Health metrics endpoint

Is there a way to get health metrics about the octopus deploy servers? Things like

Num of current running tasks,
Num of async tasks,
Num of logs queued (Not sure if this is valid since switching to halibut),
Maintenance mode status,
Thread count,
Total Num of packages/projects/environments/users,
Any internal metrics that are not currently external or easily found from physical access to the box.

The reason for this is we currently have a datadog script for 2.5.6 which loads information having to do with the amount of logs queued, total numbers for projects and whatnot, as well as current number of active tasks. However getting all this information takes several requests and in 3.0 some of these are not accessible. It would be nice to have this just be accessible from one endpoint to make it less intensive / provide a consistent way to get health stats from octo. We already plan on releasing our healthcheck to datadog to add to their large list of integrations so having this could really make. This health check provide a lot of useful information and help you guys debug issues for customers that have datadog already.

Hi Brent,

Thanks for getting in touch! We don’t currently expose this information, though you might be able to get it by querying SQL directly or using the API.

This is a nice list though. I’d really like there to be a good monitoring story for Octopus. If we did expose this information, what’s the best way to expose it? Would performance counters work?

Paul

Paul,

We currently have something in place for 2.6.X which reports metrics like the ones in the picture. We currently get the data by hitting the API in several different calls via a custom datadog check. This approach seems to work fairly well but some of the metrics are no longer valid in 3.0 / was hoping monitoring would be a first class citizen in octopus deploy. I’m not sure what the best way to expose this information is but an http request seems easy / simple to implement.

By performance counters do you mean wmi metrics? I feel this is a more complex solution and it limits how you can interface with the health data but even with datadog you can report on the metrics as it just uses python and can interface with wmi information.

I would be willing to talk more and explain how we currently monitor our instances as this is rather important to us. We love Octopus deploy and want to be able to spot issues before they arrive.

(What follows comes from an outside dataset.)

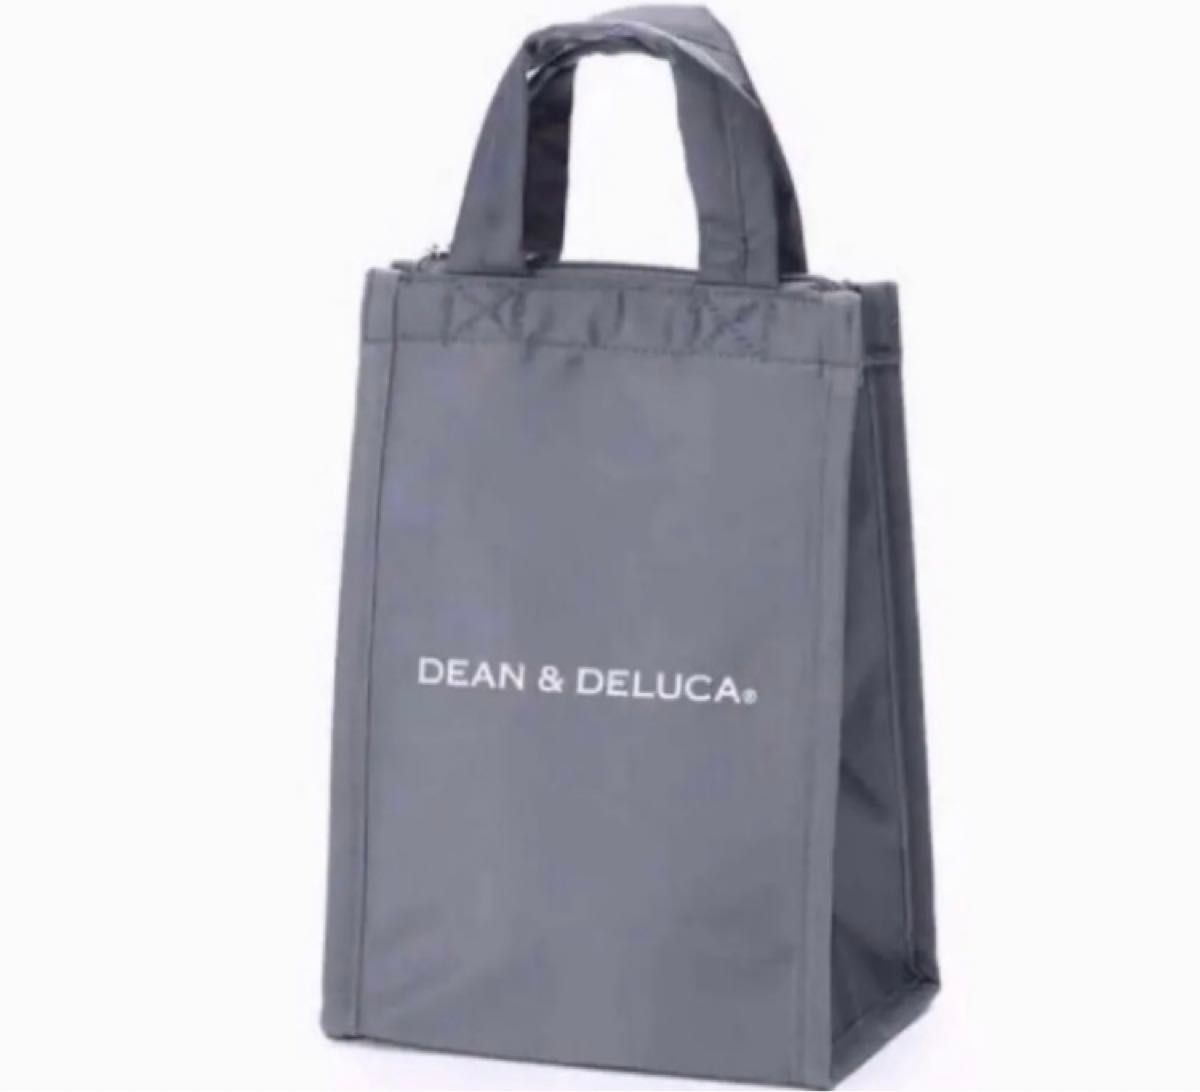 DEAN DELUCA 正規品　ディーン＆デルーカ S 保冷バッグ グレー　クーラーバッグ ランチバッグ 弁当用品　オンライン限定

Guessing you have been busy with the Octo 3.0 release but wasn’t sure if there was anything more on this issue?

Hi Brent,

We’ve made a few changes:

  • In 3.1 we’ve implemented a reporting feature, which has a table you can query for everything related to deployment history, plus an XML feed that you can pull into Excel/PowerBI. It makes answering questions like “How many failed deployments this month” easy. And the data remains even when retention policies run, so you can see historic values.
  • In 3.0 we also added HTTP logging for individual HTTP requests, to find UI performance issues.

I’ll write up the documentation on 3.1-beta reporting soon, then maybe we can do a screen sharing session and I can demo it, and we can discuss any changes that you might need?

Paul

Forgot to add - I think that some of the other metrics (# of packages, # of projects, etc.) might be best queried from the database - I don’t think we’d build a specific endpoint anytime soon for those.

Paul

Paul,

I would definitely like to see that functionally however I feel these are quote different use cases from what we previously discussed. The use case that was previously described was for reporting health metrics to see if the actual server was healthy / try and find problems before they arise. If we need to try and pull this information from different sources we will certainly find way to do this in 3.0 even if we have to connect to the database directly to pull some information.

To provide some feedback for what you described above. That is awesome news!! We currently do have a reporting solution for getting deployment information however this involves polling the api every night to pull information out and push it into a sql database to process with tableau. It actually works pretty well right now and allows us to see if changes we roll out help increase the speed of deployments / are causing failures etc. The problem with it however is it runs once a night and is very slow so hopefully this will help with that!!

Thanks for the update.